5. Di samping usaha-usaha yang bersifat medis, MUI Sumbar
menyampaikan bahwa seluruh umat Islam harus menjadikan do'a dan tilawah
al-Qur'an sebagai wasilah untuk mendapatkan kesembuhan dan perlindungan dari
Allah swt. Karena itu, umat Islam terutama di Sumatera Barat agar meningkatkan
ibadah serta merutinkan tilawah al-Qur'an terutama sesudah sholat subuh dan
maghrib.
II. Taujihat
Sehubungan dengan pelaksanaan ibadah pada Hari Raya Idul
Adha, maka kami menyampaikan arahan sebagai berikut;
a) Sholat Idul Adha tetap dilaksanakan sesuai tuntunan
syari'at tanpa meninggalkan protokol kesehatan yang diperketat.
b) Sholat berjamaah dilakukan sesuai tuntunan Rasulullah saw
yaitu dengan merapatkan shaff, namun pelaksanaan kegiatan lainnya seperti dalam
mendengarkan khutbah, dilakukan dengan menjaga jarak serta memakai masker.

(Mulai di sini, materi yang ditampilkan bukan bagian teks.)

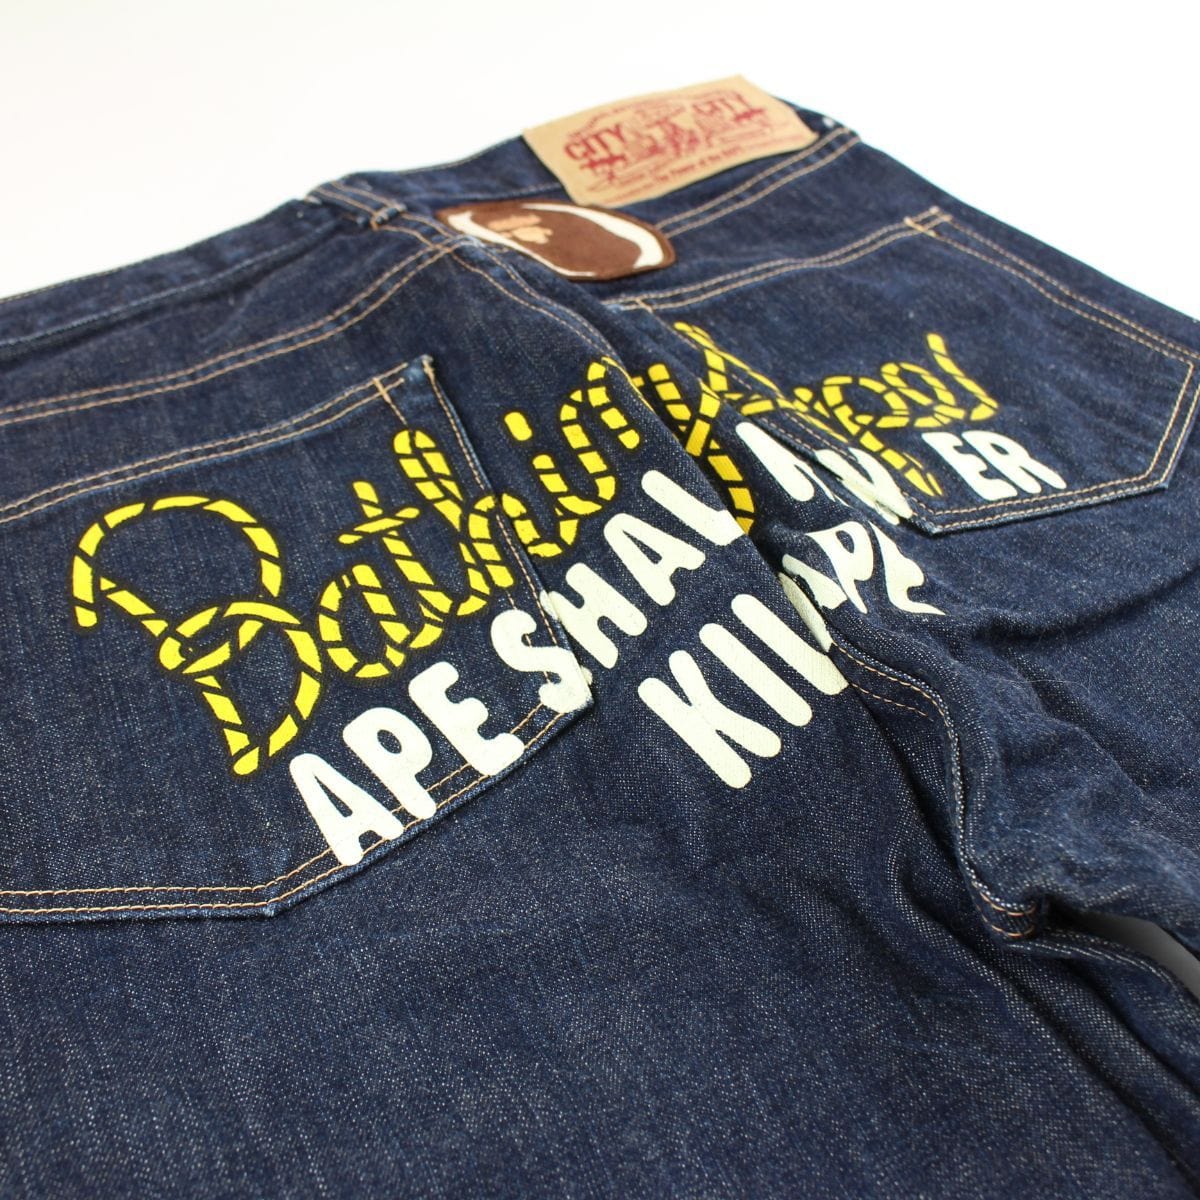 Bape yellow rope asnka text denim jeans - SaruGeneral

c) Pelaksanaan Sholat dan Khutbah ditunaikan secara
"iqtishad" (sederhana) dengan membaca ayat-ayat pendek serta
meringkaskan khutbah.
d) Menggunakan masker ketika sholat dalam kondisi normal
adalah makruh, namun ketika dalam keadaan hajat adalah boleh digunakan bahkan
bisa dianjurkan dalam keadaan darurat.
e) Kepada Pengurus masjid musholla/surau ataupun panitia
penyelenggara hari raya agar membentuk tim/relawan yang bertugas untuk
mengawasi penerapan protokol kesehatan pencegahan penularan Covid-19, serta
menyediakan masker sebagai antisipasi jika ada jamaah yang terlupa membawa
masker.
f) Kepada pihak terkait, seperti BPBD/Satgas dan lainnya,
diharapkan ikut membantu penyediaan alat/sarana prokes pada tempat-tempat
penyelenggaraan sholat idul Adha
g) Untuk mencegah berhimpunnya jamaah yang sangat banyak,
maka pelaksanaan Sholat Idul Adha di suatu daerah atau kenagarian yang tingkat
wabahnya tidak terkendali, diharapkan tidak terfokus pada satu tempat saja.

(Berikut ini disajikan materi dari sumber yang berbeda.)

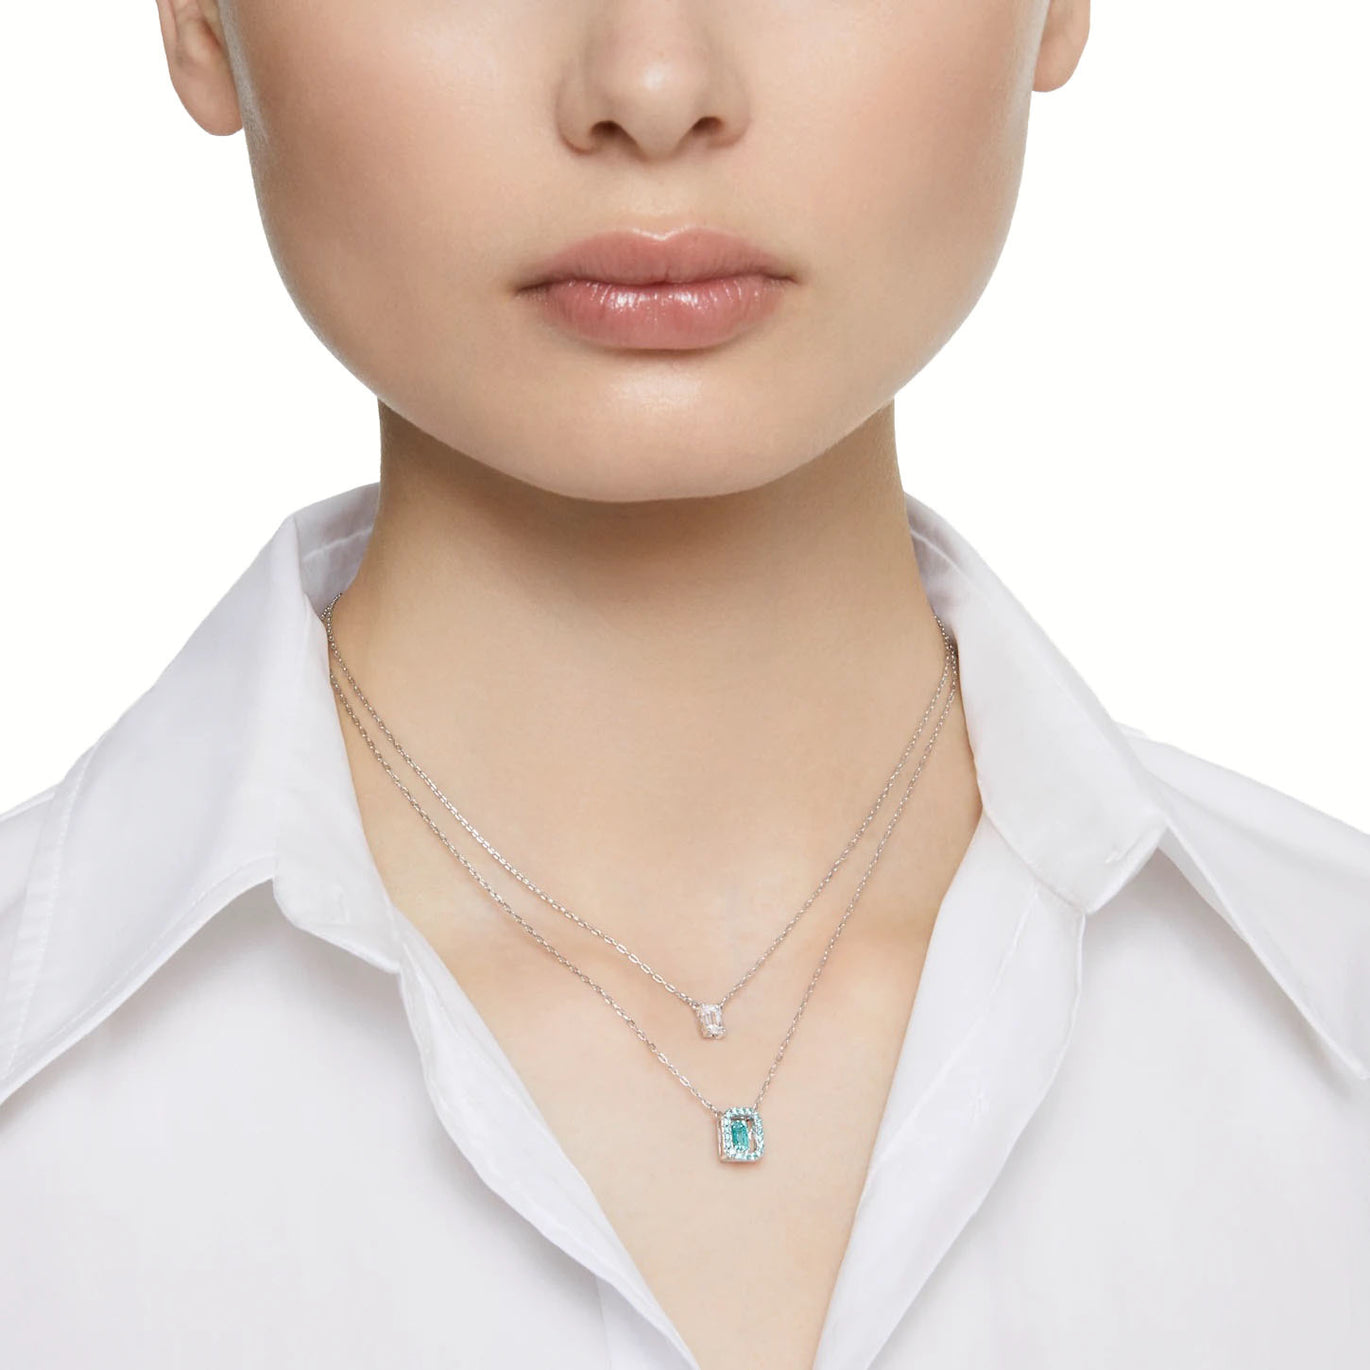 Swarovski Millenia Layered Octagon cut necklace, Rhodium plated

h) Mengingat sirkulasi udara dan kemudahan dalam melakukan
protokol kesehatan dengan menjaga jarak, sholat Idul Adha dilaksanakan di
lapangan terbuka bila tidak terhalang oleh hujan. Ini juga bersesuaian dengan
petunjuk syari'at Islam yang lebih mengutamakan sholat Idul Adha di mushalla
(lapangan) sebagaimana amalan Rasulullah saw.
i) Jamaah dalam pelaksanaan Sholat Id, adalah penduduk yang
berdomisili di lingkungan daerah tersebut atau jamaah rutin.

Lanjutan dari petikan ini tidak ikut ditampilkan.